En outre, on peut rêver d'une structure de réflexion plus durable sur les modalités de développement de la critique selon les schémas de langage préexistants localement. La parenté à plaisanterie, qui unit les communautés sur le mode de la taquinerie en permettant d'évacuer par l'humour les tensions anciennes ou récentes, peut être un schéma de parole et de communication à étudier en vue du développement d'une critique locale. Il serait également intéressant de rechercher dans les langues locales les termes et les concepts liés aux jugements portés sur les objets produits dans la situation traditionnelle.

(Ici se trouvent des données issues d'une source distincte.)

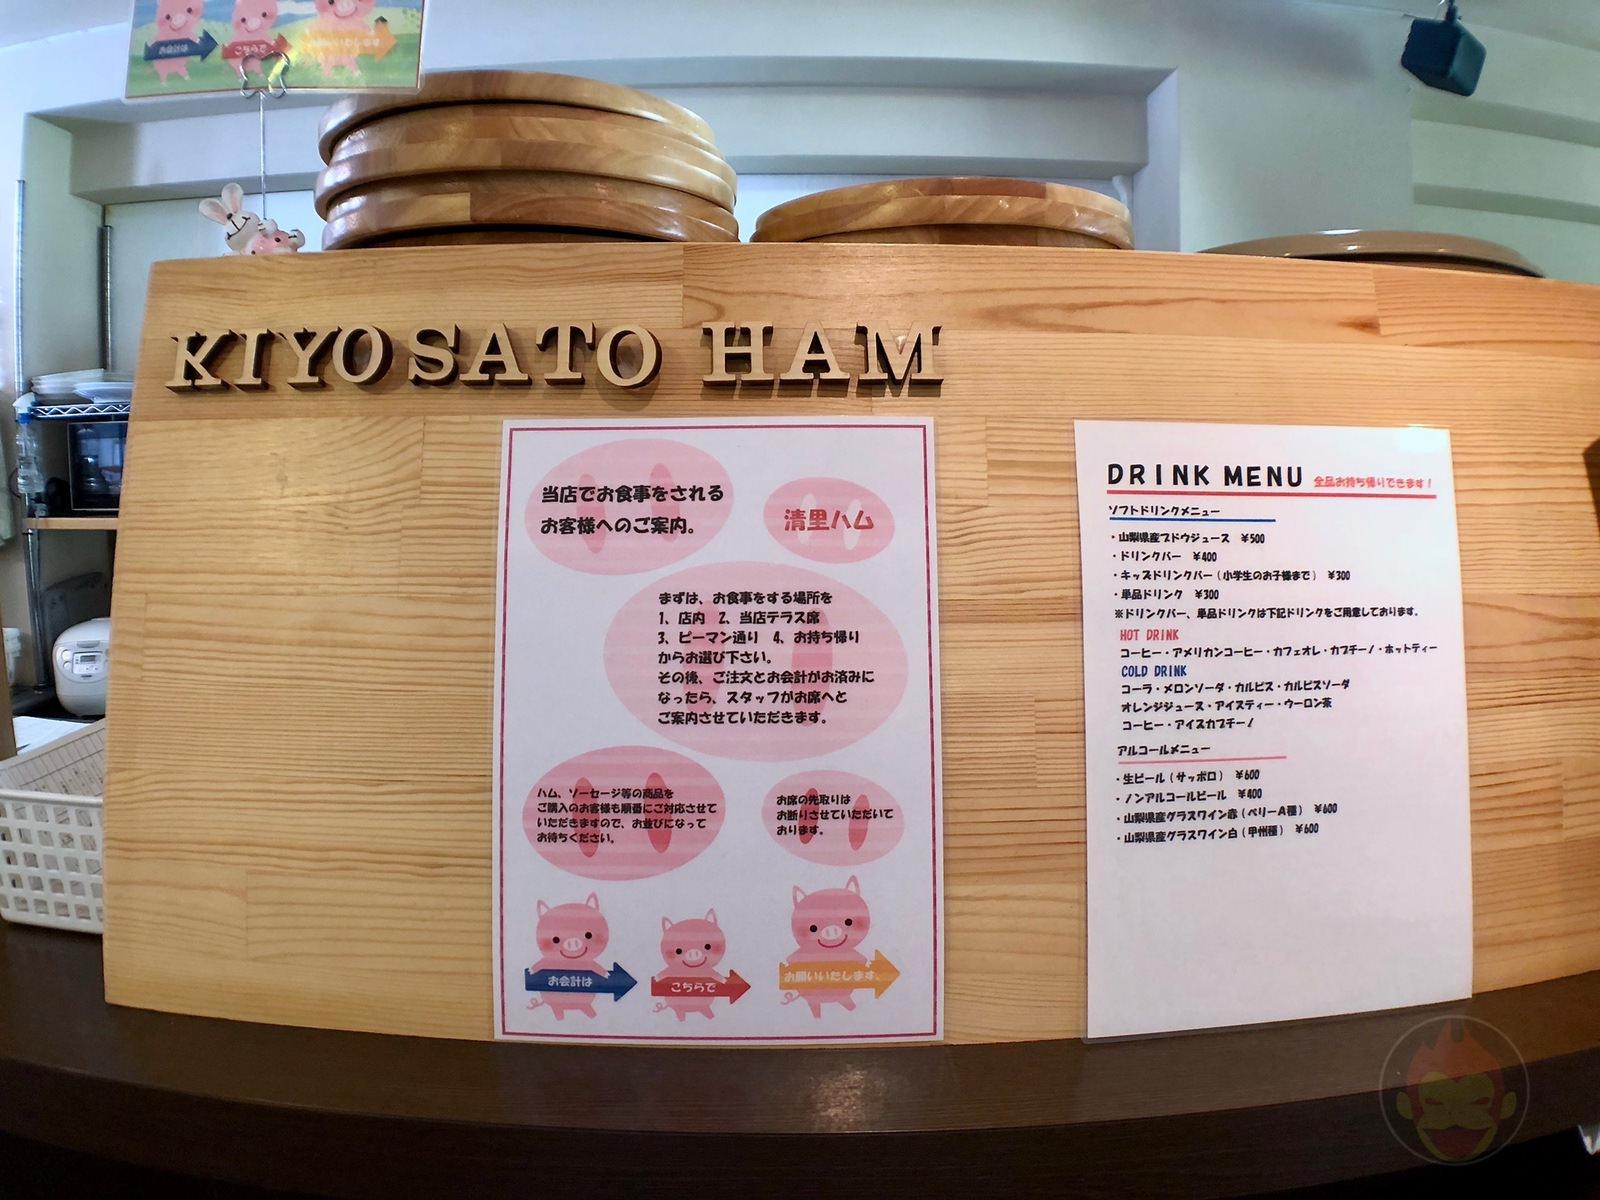 Hoshino Resonalre Yatsugatake Kiyosato Ham 10

Il est bien évident qu'il ne s'agit pas de favoriser l'implantation au Burkina Faso d'un type de discours inadapté et non fonctionnel. Il importe de chercher à favoriser la réflexion, le jugement de valeur argumenté dont la finalité concrète est de contribuer à former les goûts du public, d'élargir celui-ci en jouant un rôle de médiation, de contribuer à mettre les artistes dans une situation de compétition fondée sur la qualité des œuvres au détriment d'une rivalité de personnes se partageant un milieu trop restreint et une clientèle trop limitée. Si les artistes sont ceux qui inventent les représentations que les sociétés se font d'elles-mêmes aujourd'hui et anticipent sur celles de demain, il est capital qu'un critique libre de ses mouvements et de ses jugements puisse porter ces modèles de représentation sur la place publique pour qu'ils alimentent ou suscitent le débat social et culturel. Seule la critique peut sortir l'art du petit ghetto des producteurs et des consommateurs pour l'obliger à faire le détour par la place publique. Elle a son mot à dire quant à ces images et ces représentations, elle a son rôle à jouer dans le processus d'auto-invention permanent de la société. Nous espérons que cette formation avec les étudiants de l'Université de Ouagadougou aura permis de faire avancer ces idées.